What you need to do —
Without copying any picture, transcribe exactly the lines of the data below from the one containing "Medardo Rosso's plaster sculpture" through the one containing "A screenshot of a confusing TypeScript error".

Data for processing —

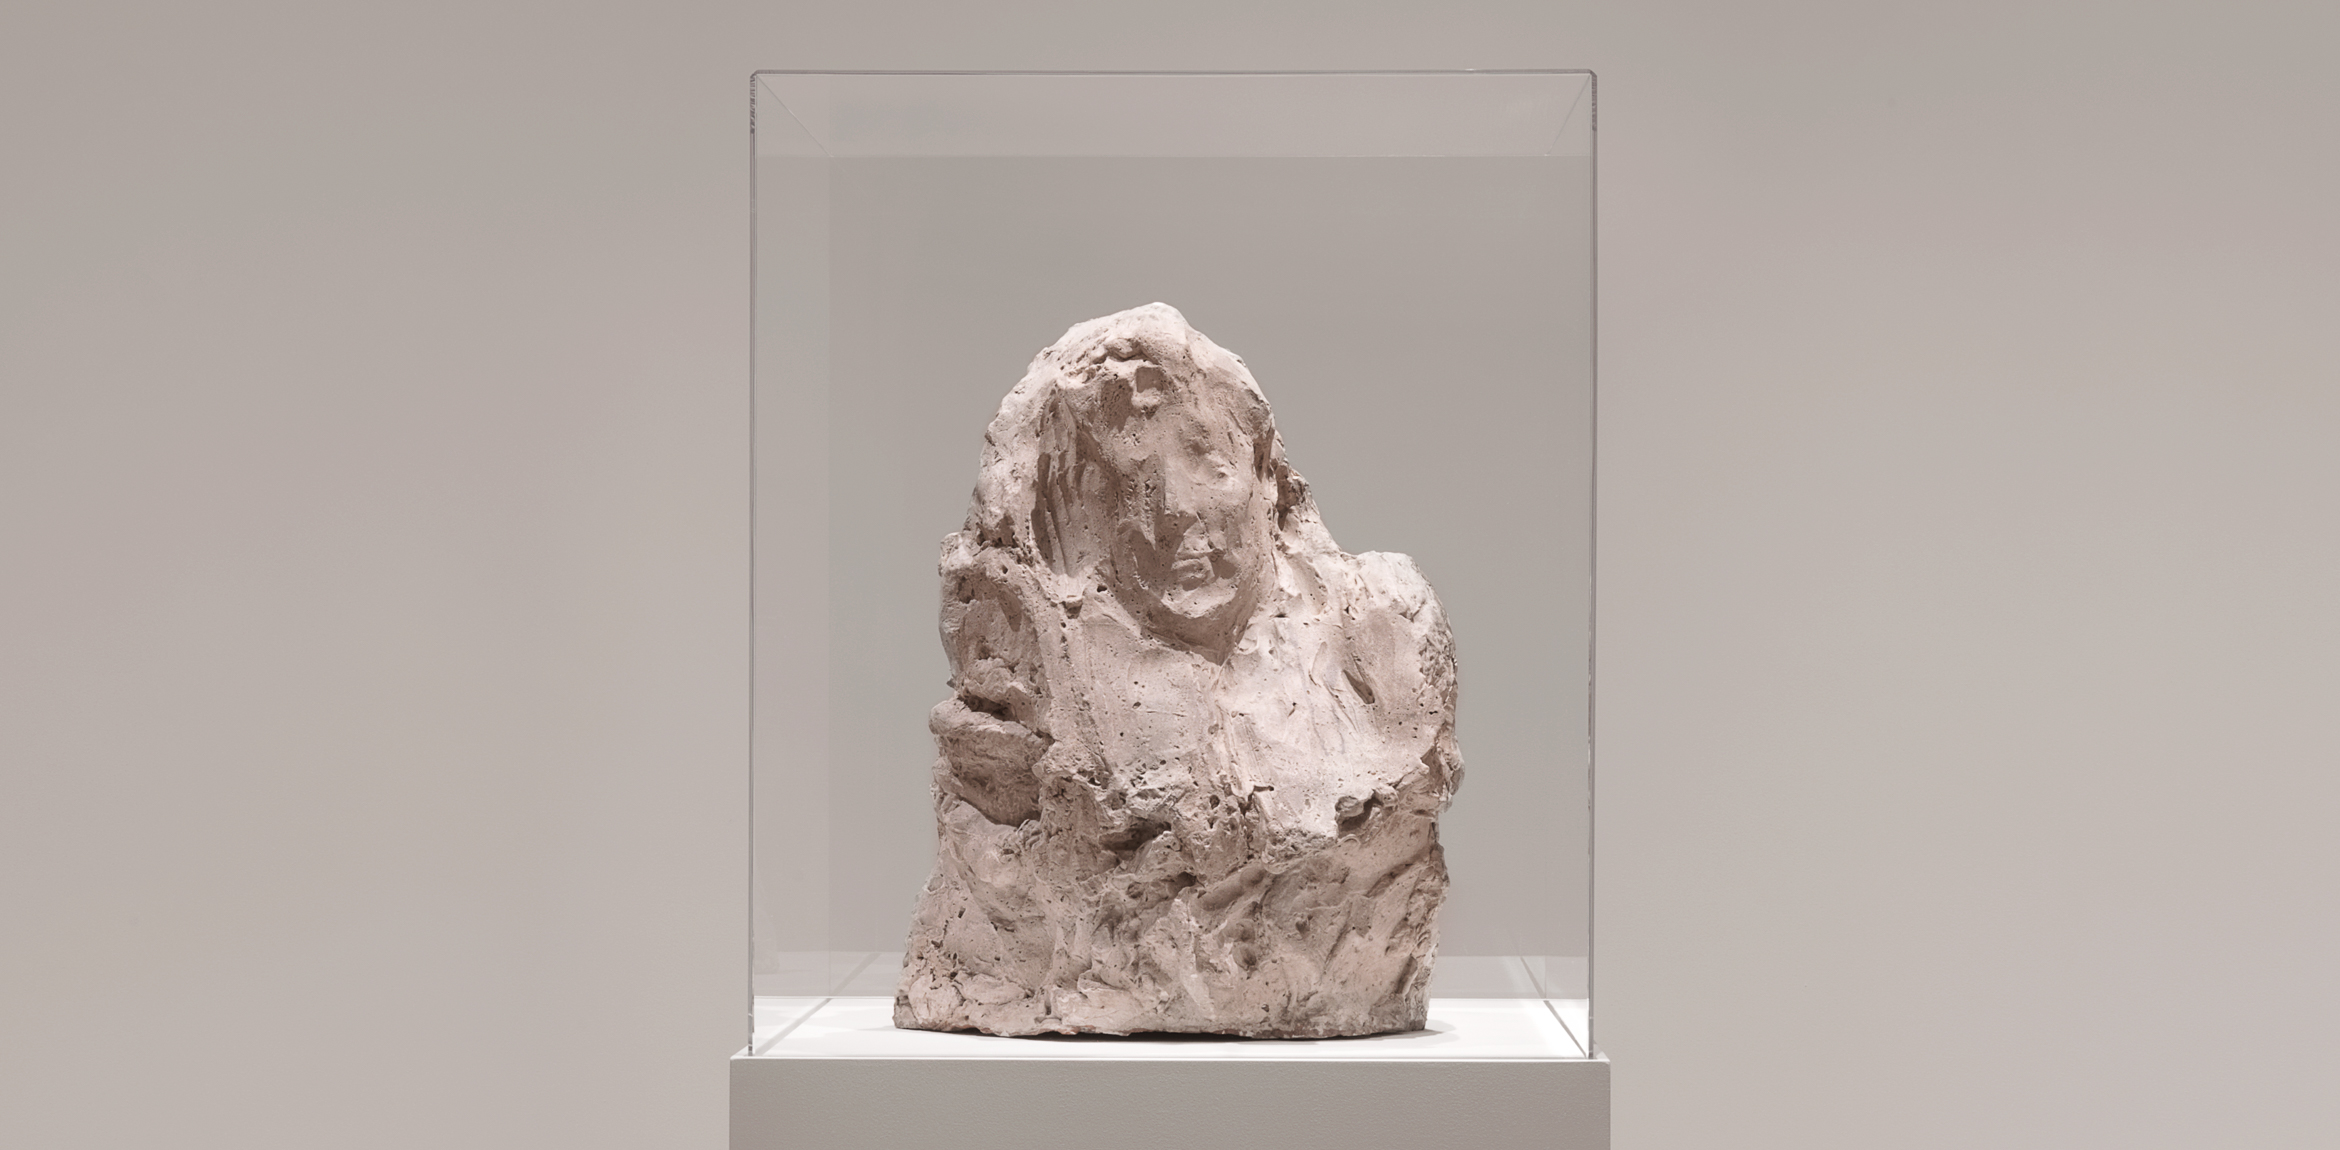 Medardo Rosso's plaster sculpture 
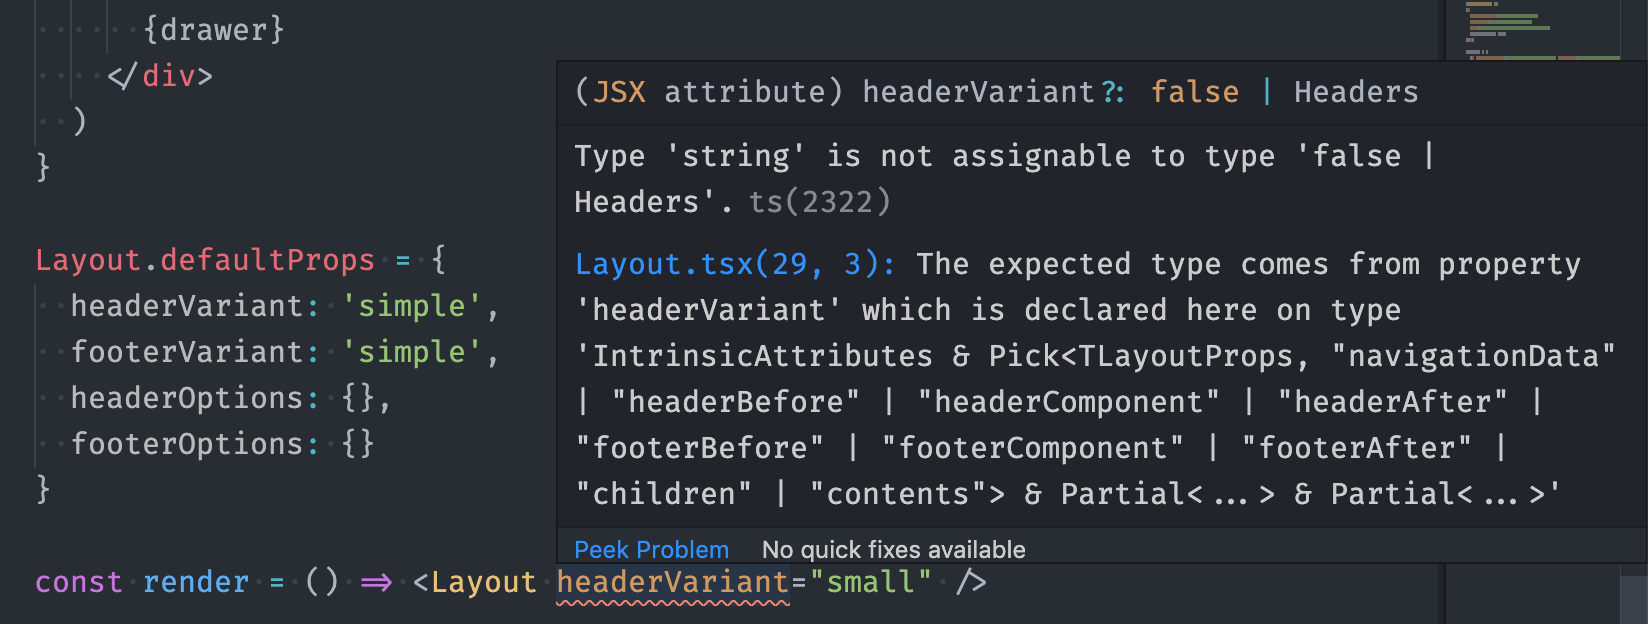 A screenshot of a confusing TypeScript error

==

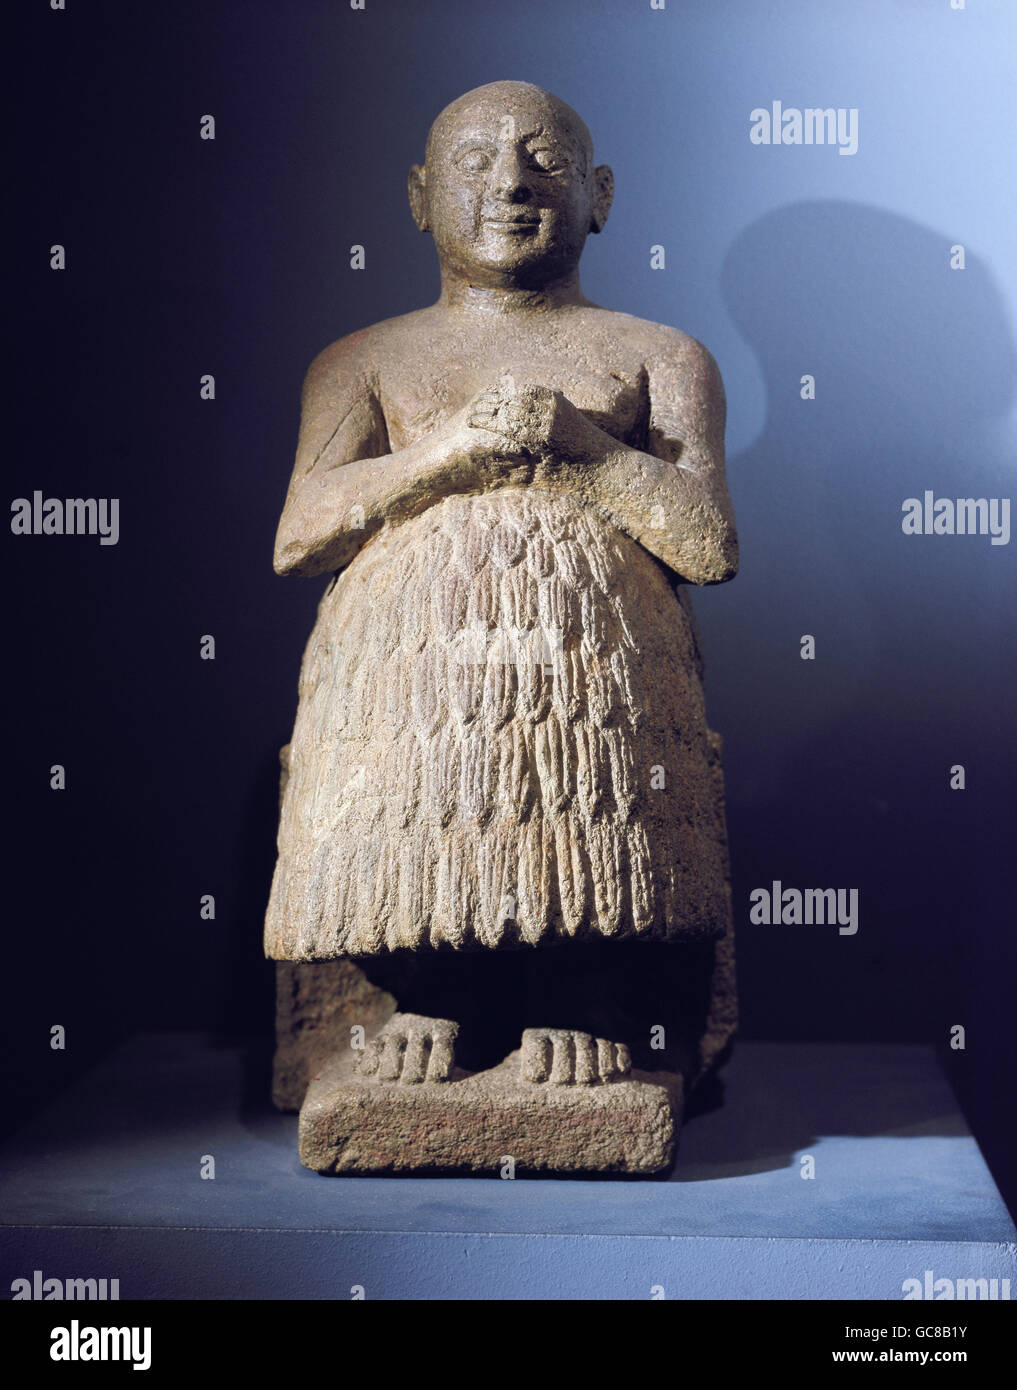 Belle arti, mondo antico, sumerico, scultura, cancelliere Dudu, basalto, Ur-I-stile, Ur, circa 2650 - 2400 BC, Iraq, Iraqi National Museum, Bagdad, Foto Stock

Response area —
 Medardo Rosso's plaster sculpture 
 A screenshot of a confusing TypeScript error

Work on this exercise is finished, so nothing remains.